Take the line with "Starbucks | cafe" and every line after it, through the end of the listing, and give them again exactly, pictures excluded.

* **Source data**:
☆ ☆ ☆
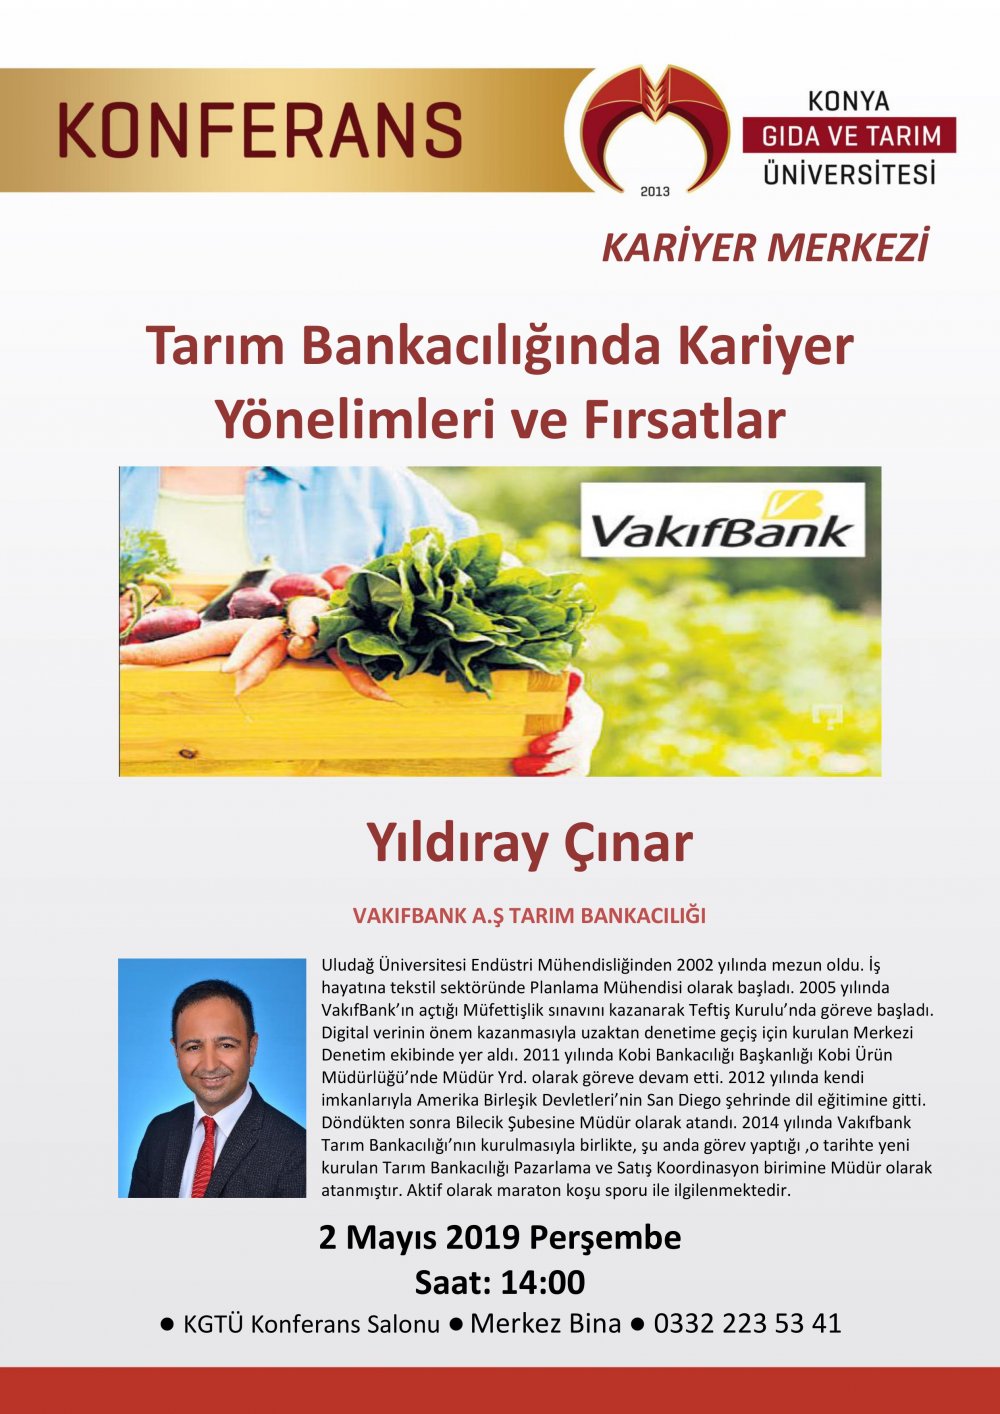 Konferans - Tarım Bankacılığında Kariyer Yönelimleri ve Fırsatlar / 2 Mayıs 2019 Perşembe
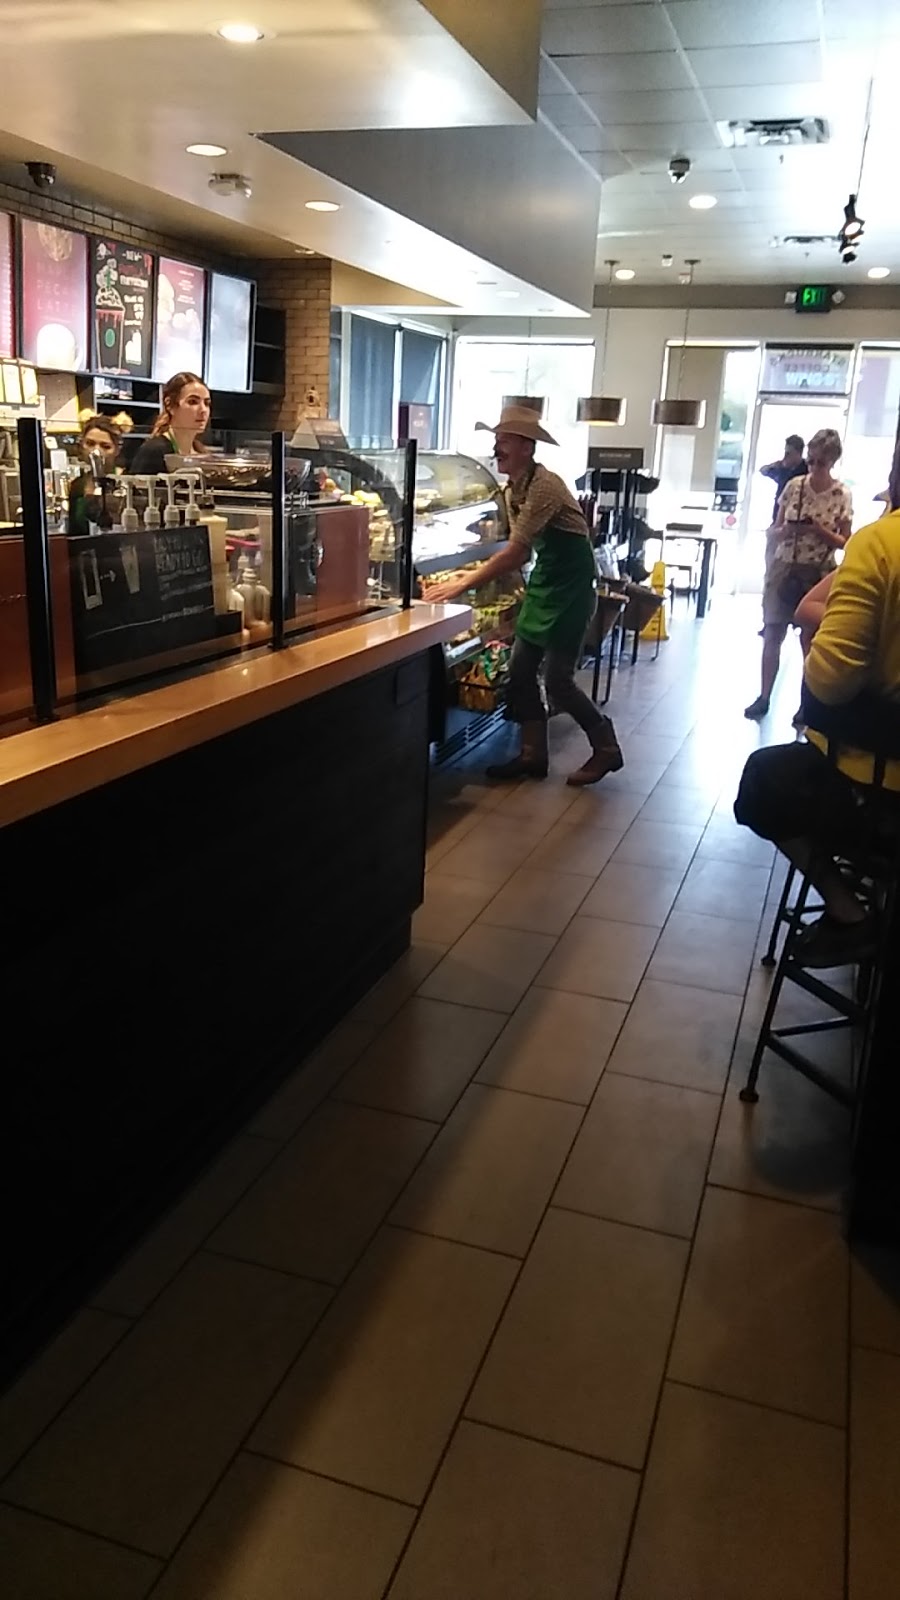 Starbucks | cafe | 661 Marks St, Henderson, NV 89014, USA | 7024503475 OR +1 702-450-3475
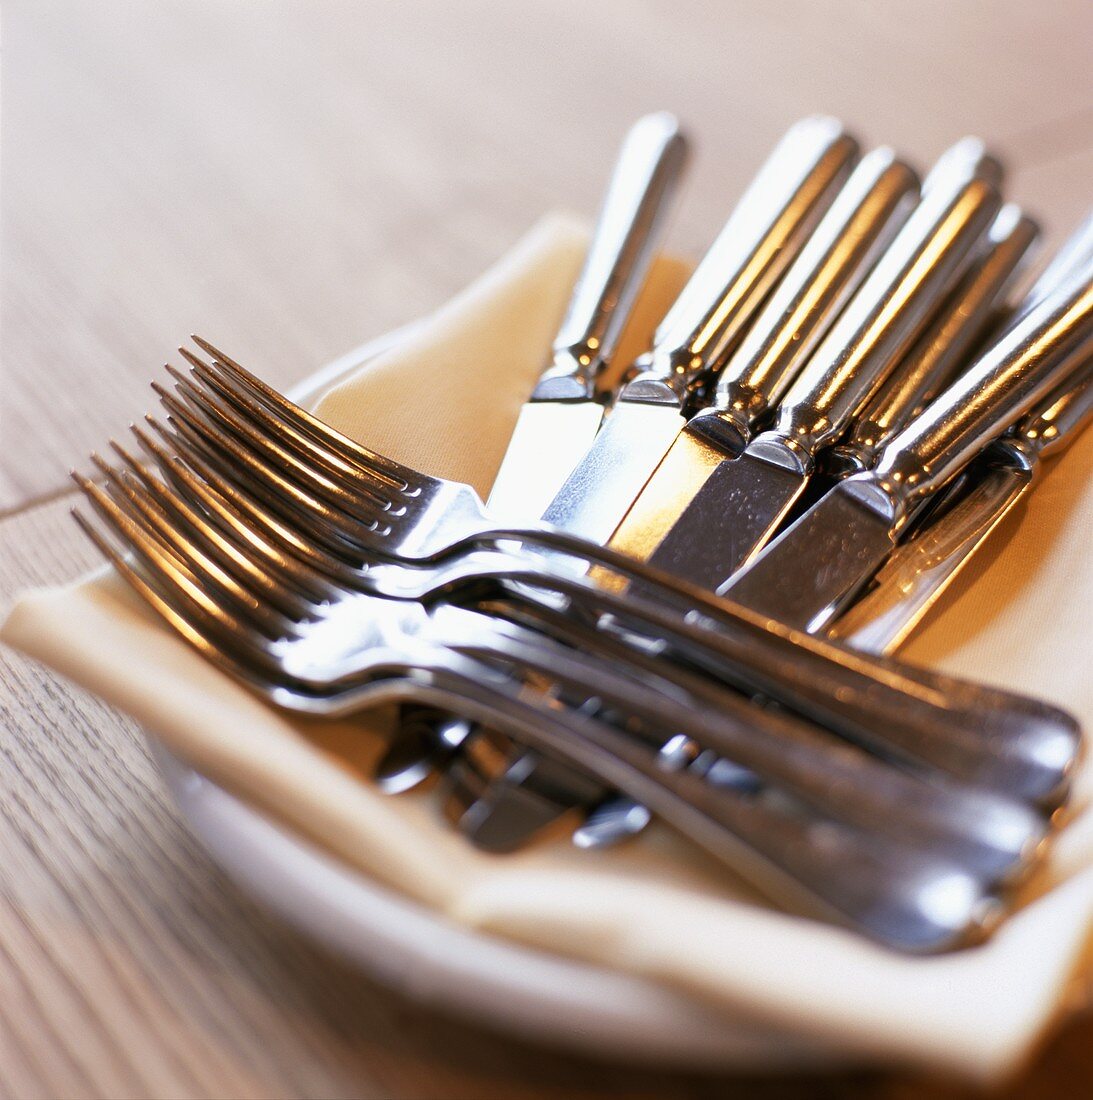 Messer und Gabeln auf einem Teller mit Stoffserviette
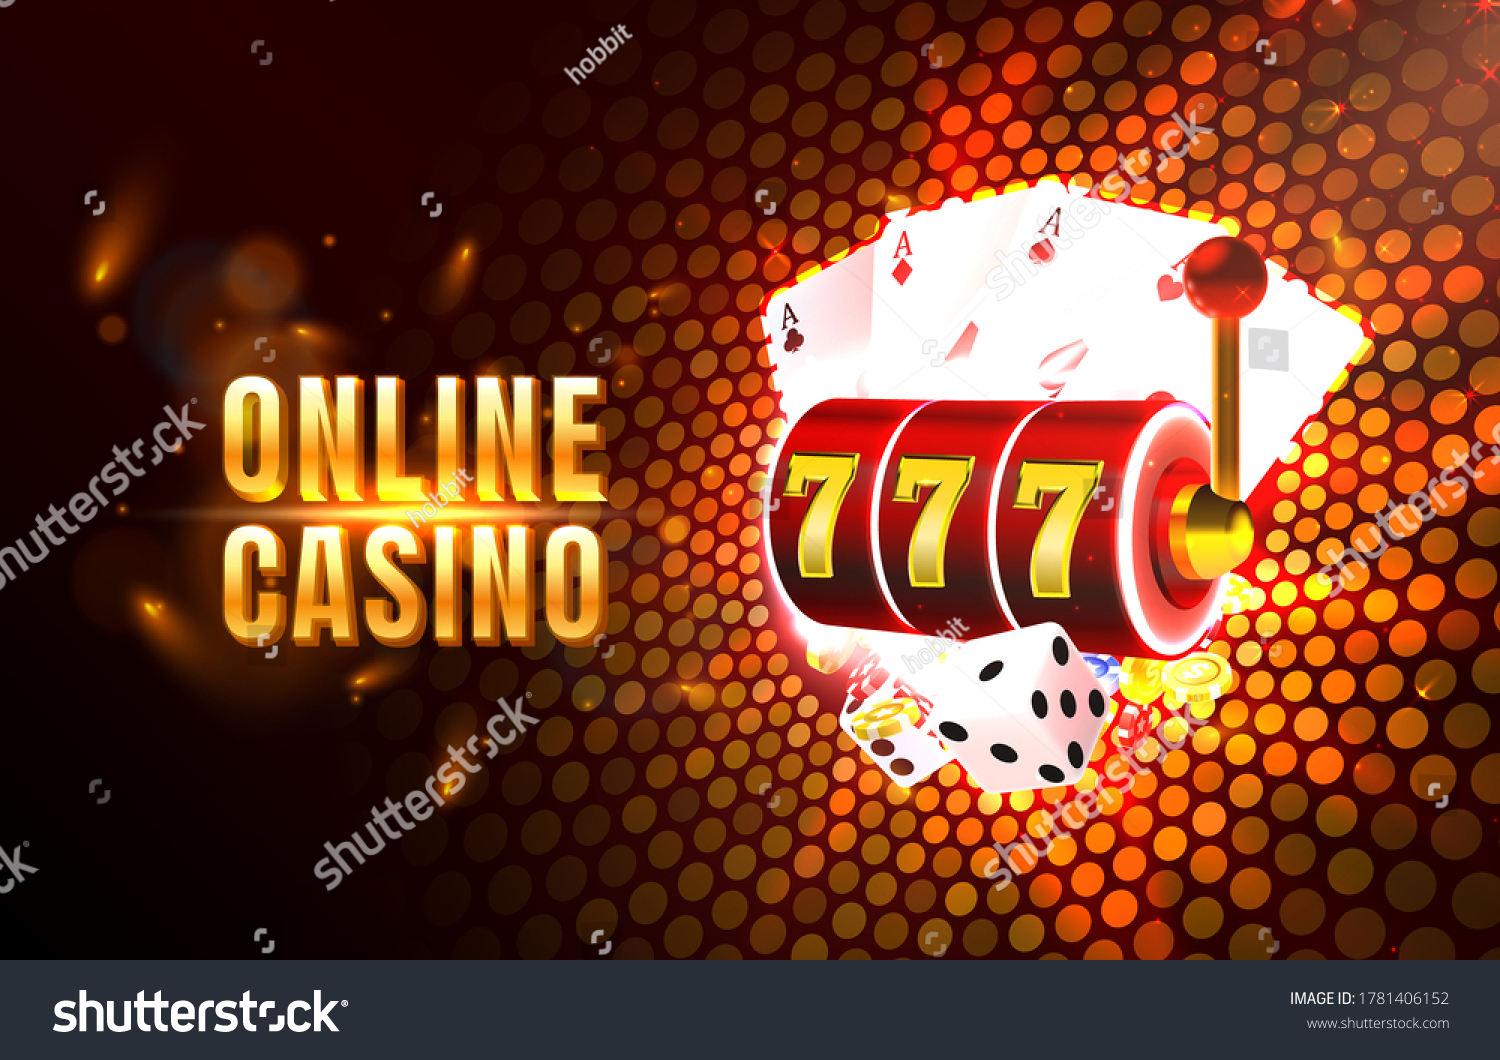 Голден казино онлайн казино онлайн игровые аппараты вулкан играть
☆ ☆ ☆
* **Written answer**:
 Starbucks | cafe | 661 Marks St, Henderson, NV 89014, USA | 7024503475 OR +1 702-450-3475
 Messer und Gabeln auf einem Teller mit Stoffserviette
 Голден казино онлайн казино онлайн игровые аппараты вулкан играть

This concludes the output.